REQUIREMENT: Below are records with pictures. Transcribe exactly, and only, the lines from the line with "Chanel Terrycloth Navy Tote Bag" to the line with "2.5'' HDD Tray", both ends included, but not the pictures.

PROVIDED ENTRIES:
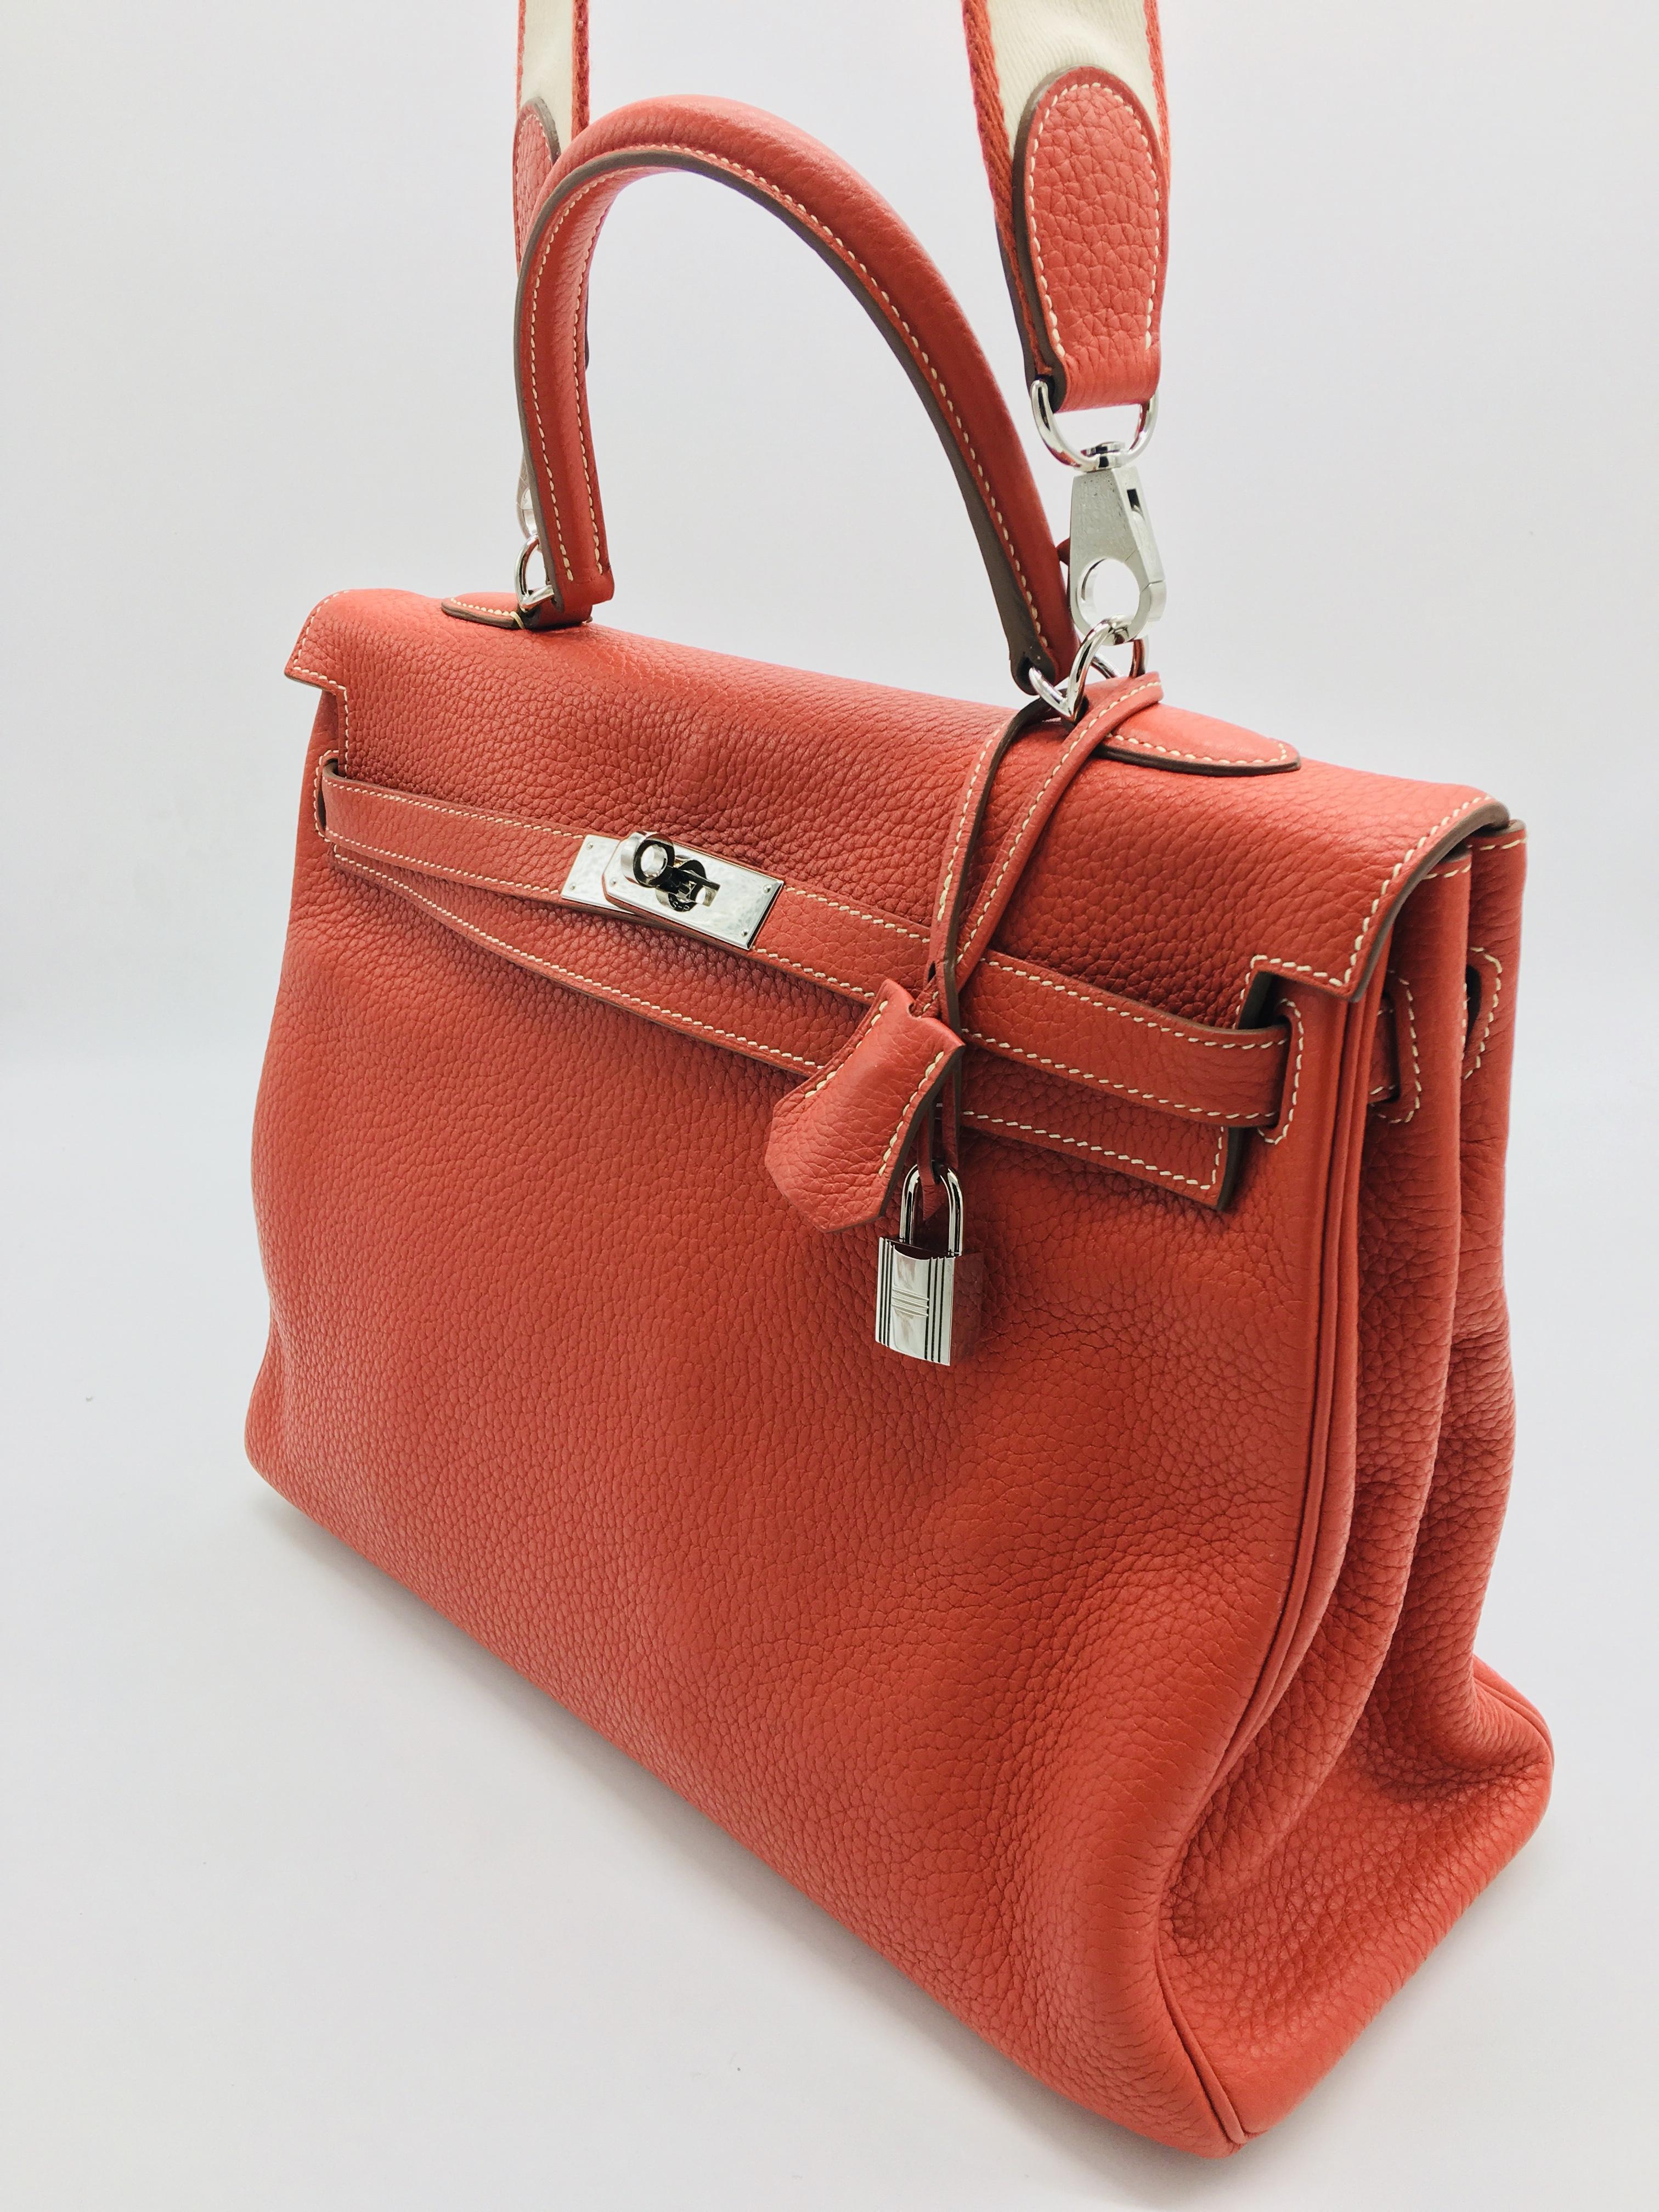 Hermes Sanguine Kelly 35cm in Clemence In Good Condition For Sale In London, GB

==

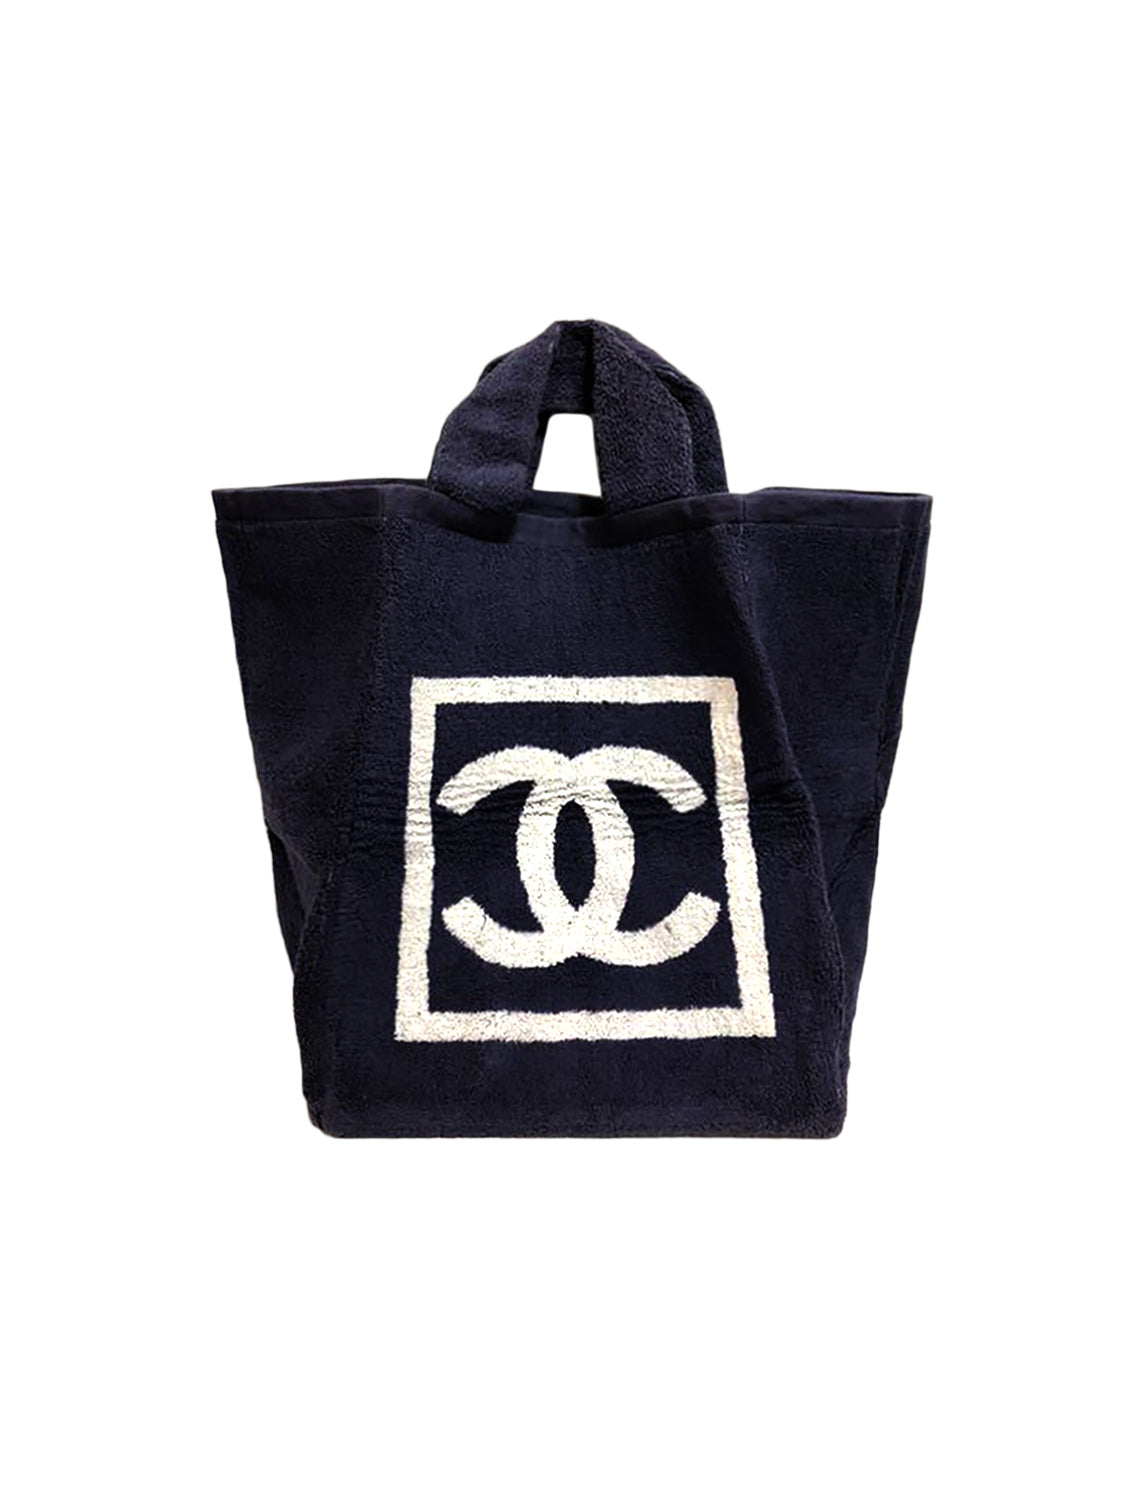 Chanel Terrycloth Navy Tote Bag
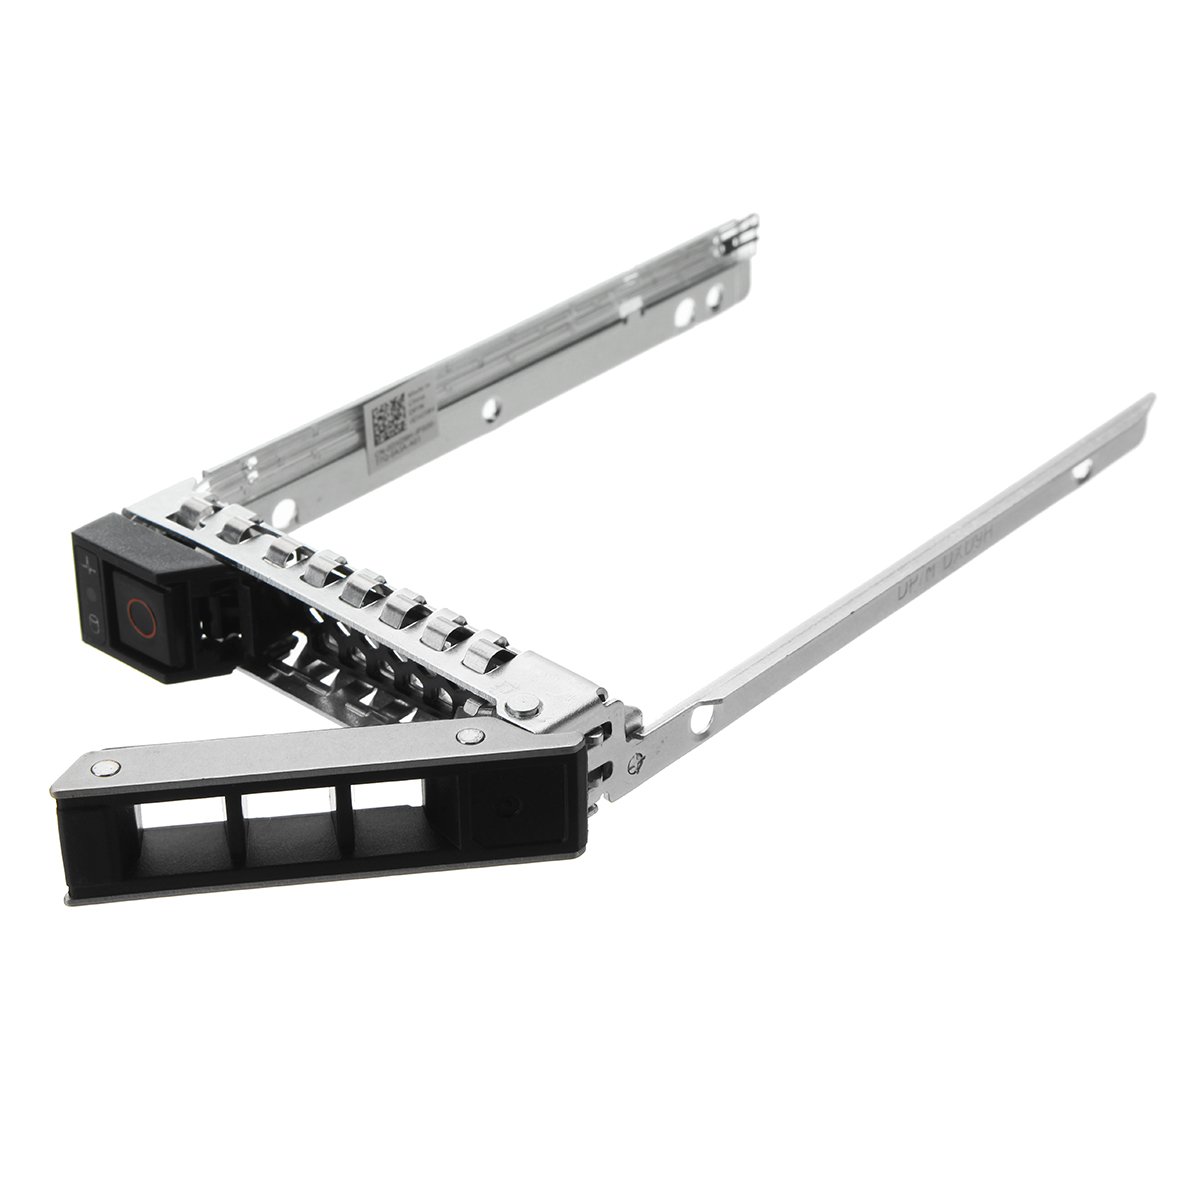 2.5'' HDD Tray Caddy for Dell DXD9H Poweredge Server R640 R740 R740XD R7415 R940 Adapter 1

==

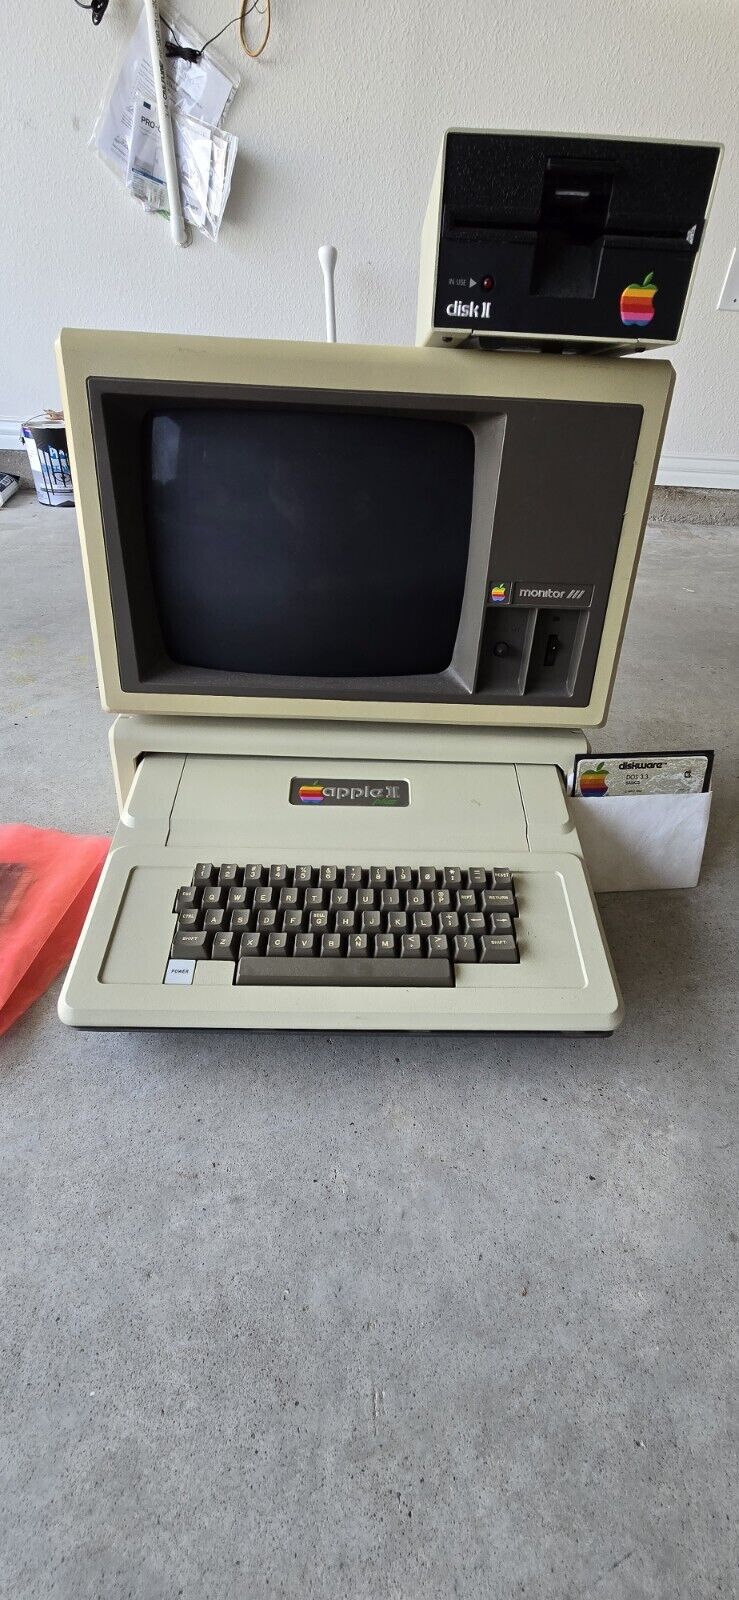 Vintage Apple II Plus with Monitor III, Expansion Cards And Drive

REPLY:
 Chanel Terrycloth Navy Tote Bag
 2.5'' HDD Tray Caddy for Dell DXD9H Poweredge Server R640 R740 R740XD R7415 R940 Adapter 1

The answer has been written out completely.